WORK REQUIRED
From the entries below, write out exactly the lines between the line holding "Namibia, Afrika Stockbild" and the line holding "Geschäfte und Stände", inclusive, excluding any pictures.

RECORD EXCERPTS
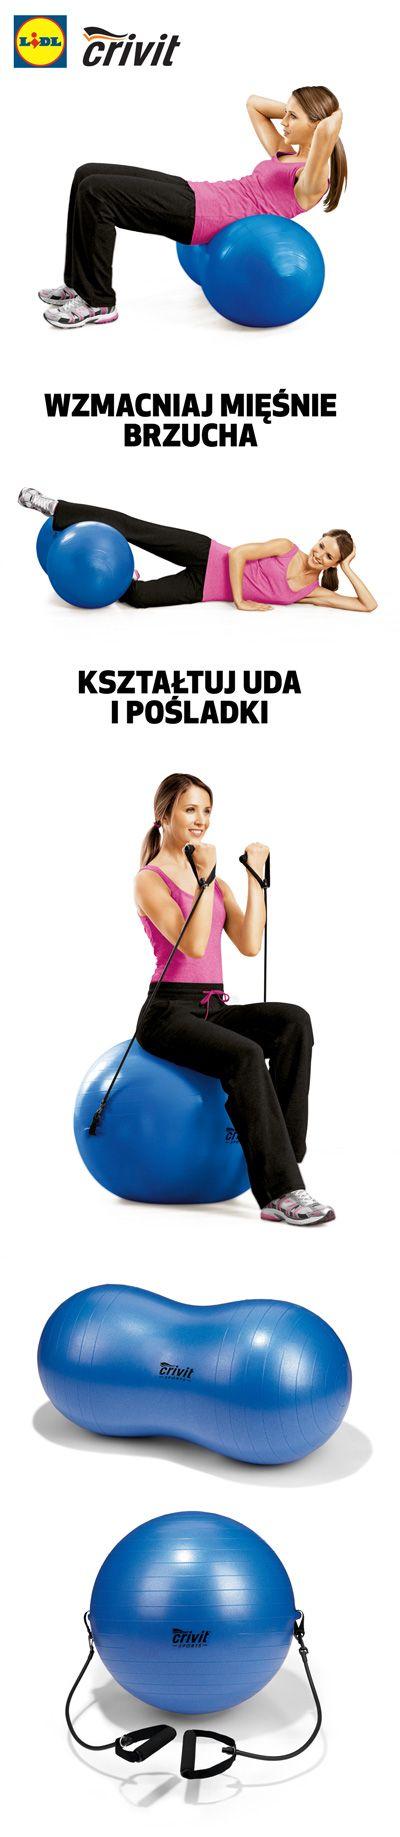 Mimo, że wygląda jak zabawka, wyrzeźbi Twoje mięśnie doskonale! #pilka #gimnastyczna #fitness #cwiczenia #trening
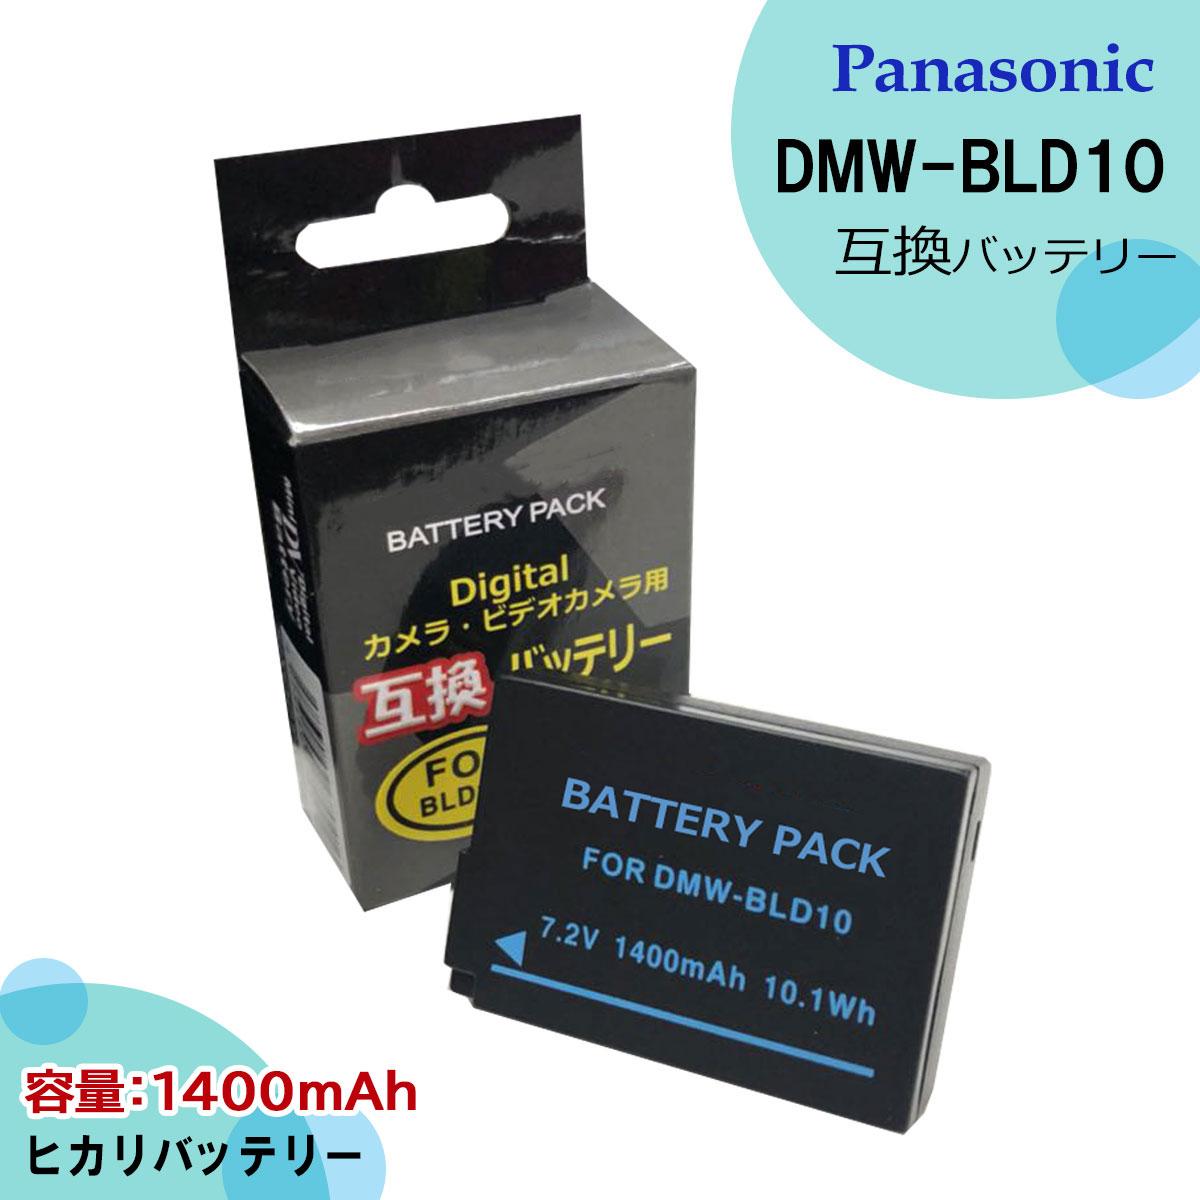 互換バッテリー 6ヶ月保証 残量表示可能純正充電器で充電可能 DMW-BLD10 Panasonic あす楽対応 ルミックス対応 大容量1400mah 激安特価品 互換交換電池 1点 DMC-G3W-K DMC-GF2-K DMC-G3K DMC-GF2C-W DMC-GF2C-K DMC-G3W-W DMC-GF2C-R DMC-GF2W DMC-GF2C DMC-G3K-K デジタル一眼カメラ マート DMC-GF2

--

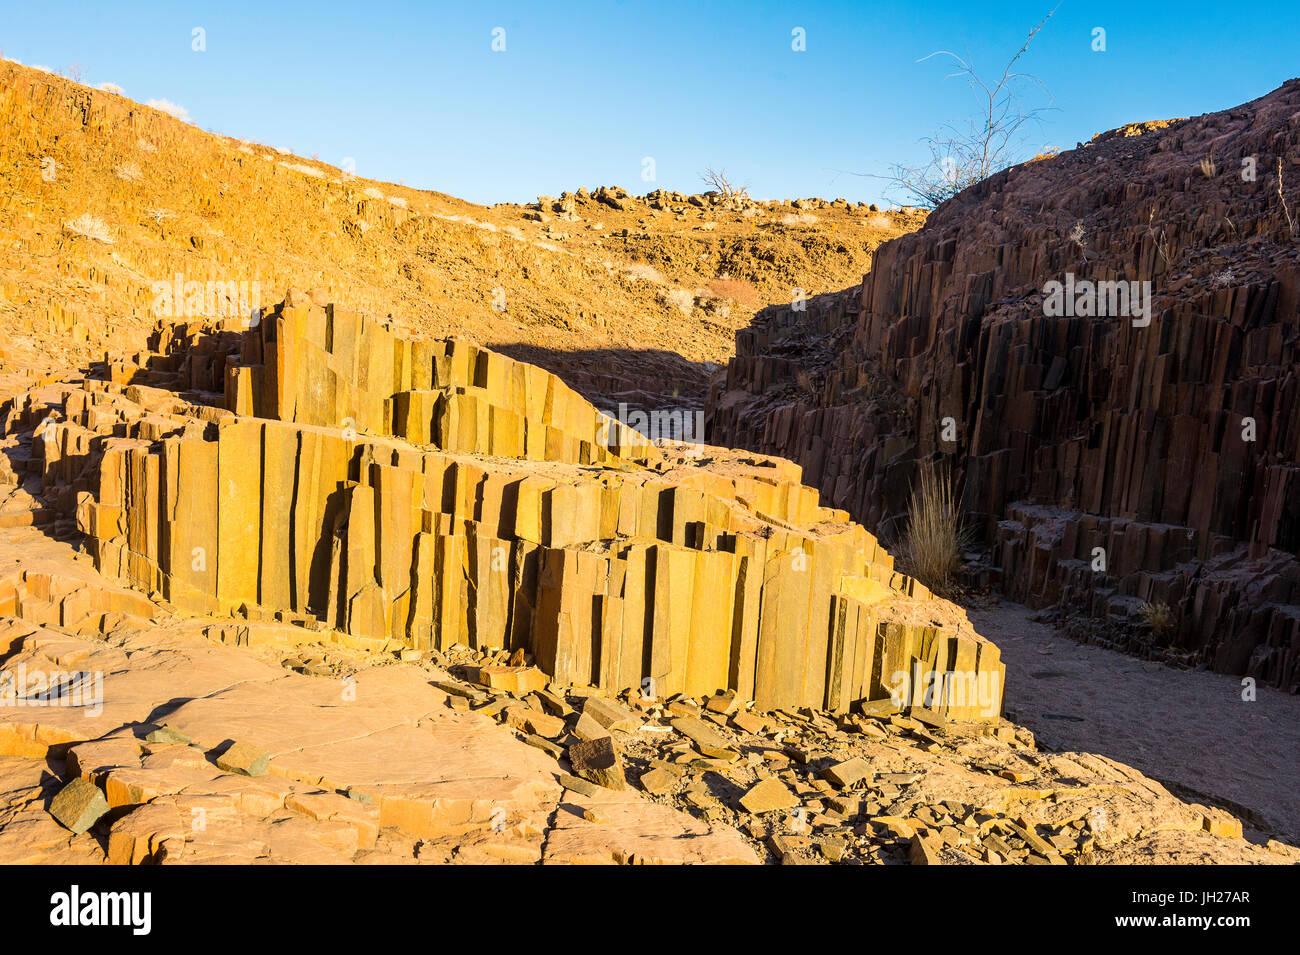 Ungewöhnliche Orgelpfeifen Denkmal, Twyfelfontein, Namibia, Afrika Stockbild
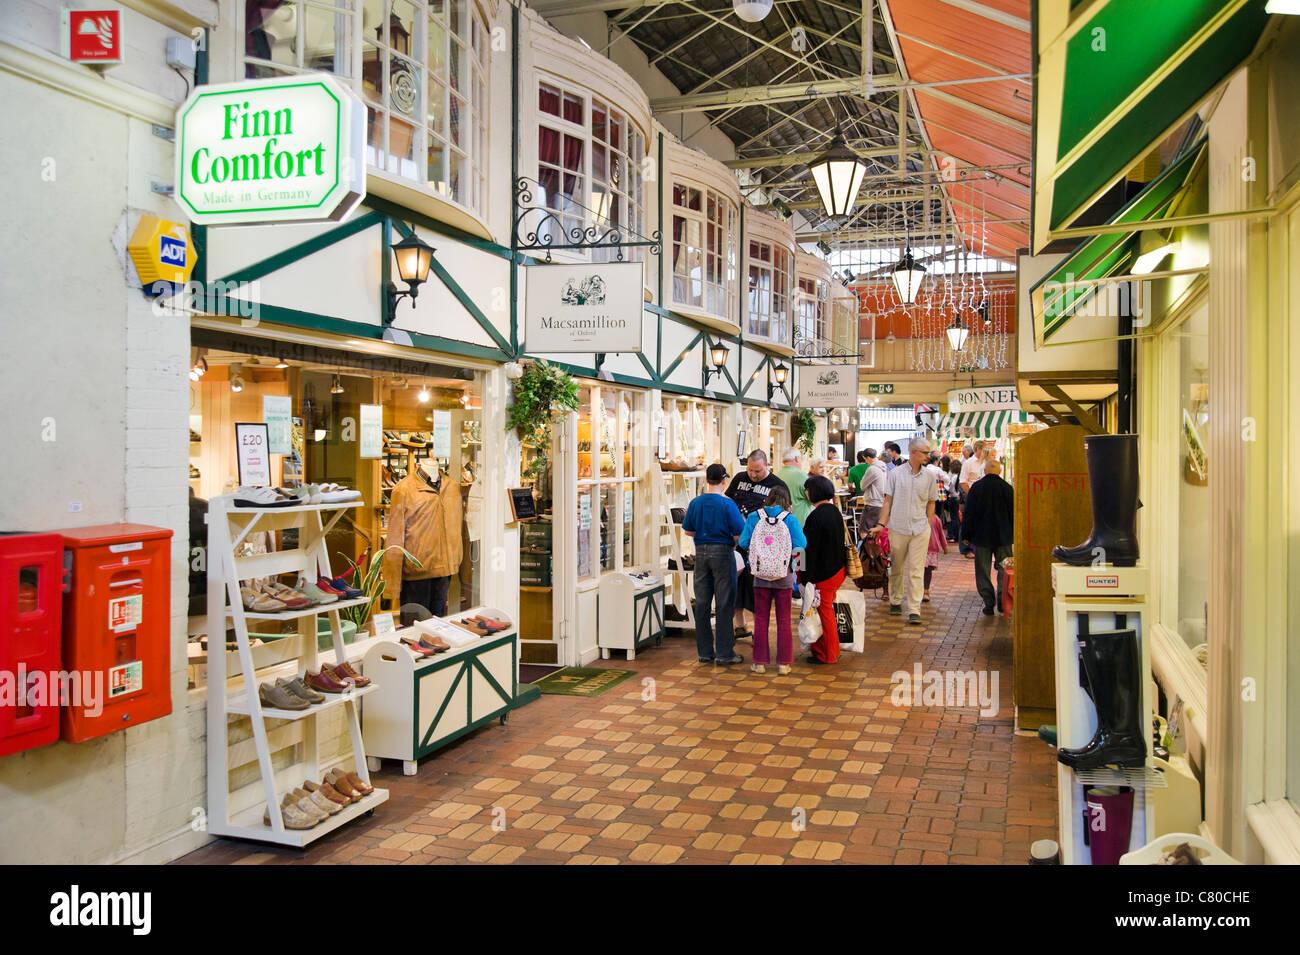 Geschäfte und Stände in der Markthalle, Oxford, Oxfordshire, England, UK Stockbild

THE COMPLETED TASK
 Ungewöhnliche Orgelpfeifen Denkmal, Twyfelfontein, Namibia, Afrika Stockbild
 Geschäfte und Stände in der Markthalle, Oxford, Oxfordshire, England, UK Stockbild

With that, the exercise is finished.